- **What is being asked**:
Lift out, unaltered, the lines of the material below between the line holding "ヘビー理容師具体的にYOKEL Sports Pro" and the line holding "Orange Leaf Royalty", counting both.

- **Extracted entries**:
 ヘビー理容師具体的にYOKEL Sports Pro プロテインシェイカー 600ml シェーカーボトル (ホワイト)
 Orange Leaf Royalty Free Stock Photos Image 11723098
---
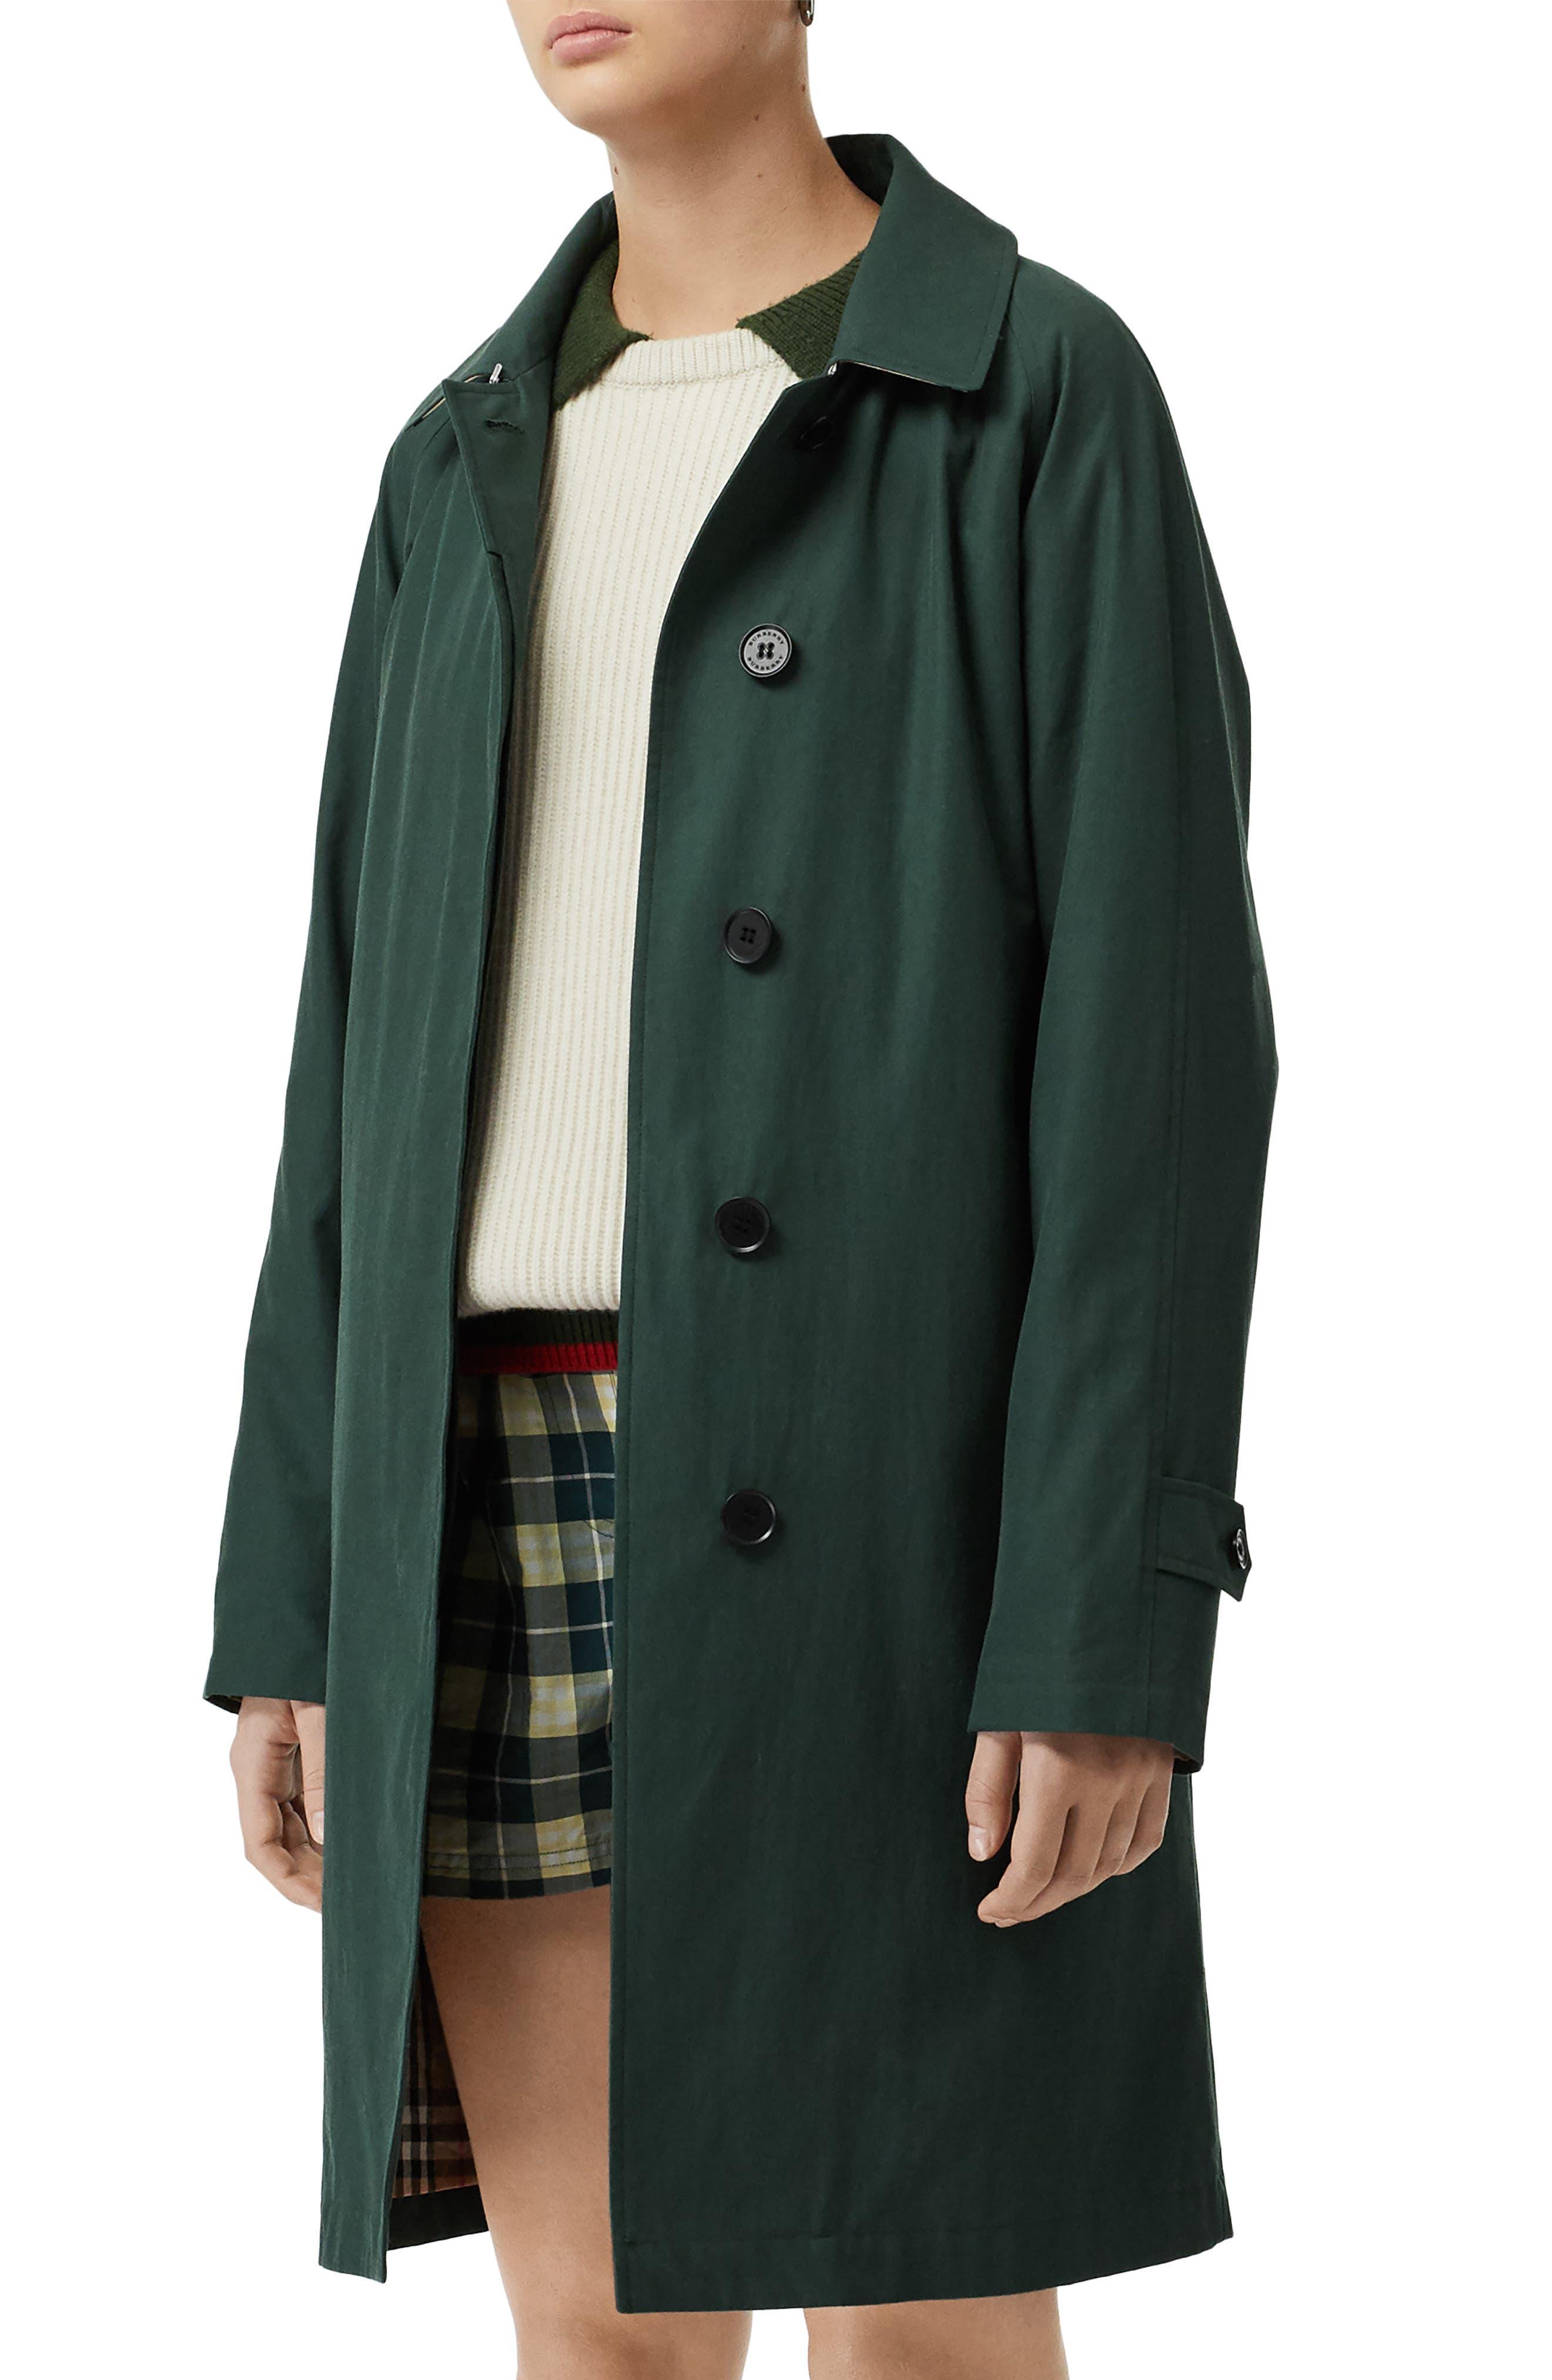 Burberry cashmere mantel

- **Response box**:
 ヘビー理容師具体的にYOKEL Sports Pro プロテインシェイカー 600ml シェーカーボトル (ホワイト)
 Orange Leaf Royalty Free Stock Photos Image 11723098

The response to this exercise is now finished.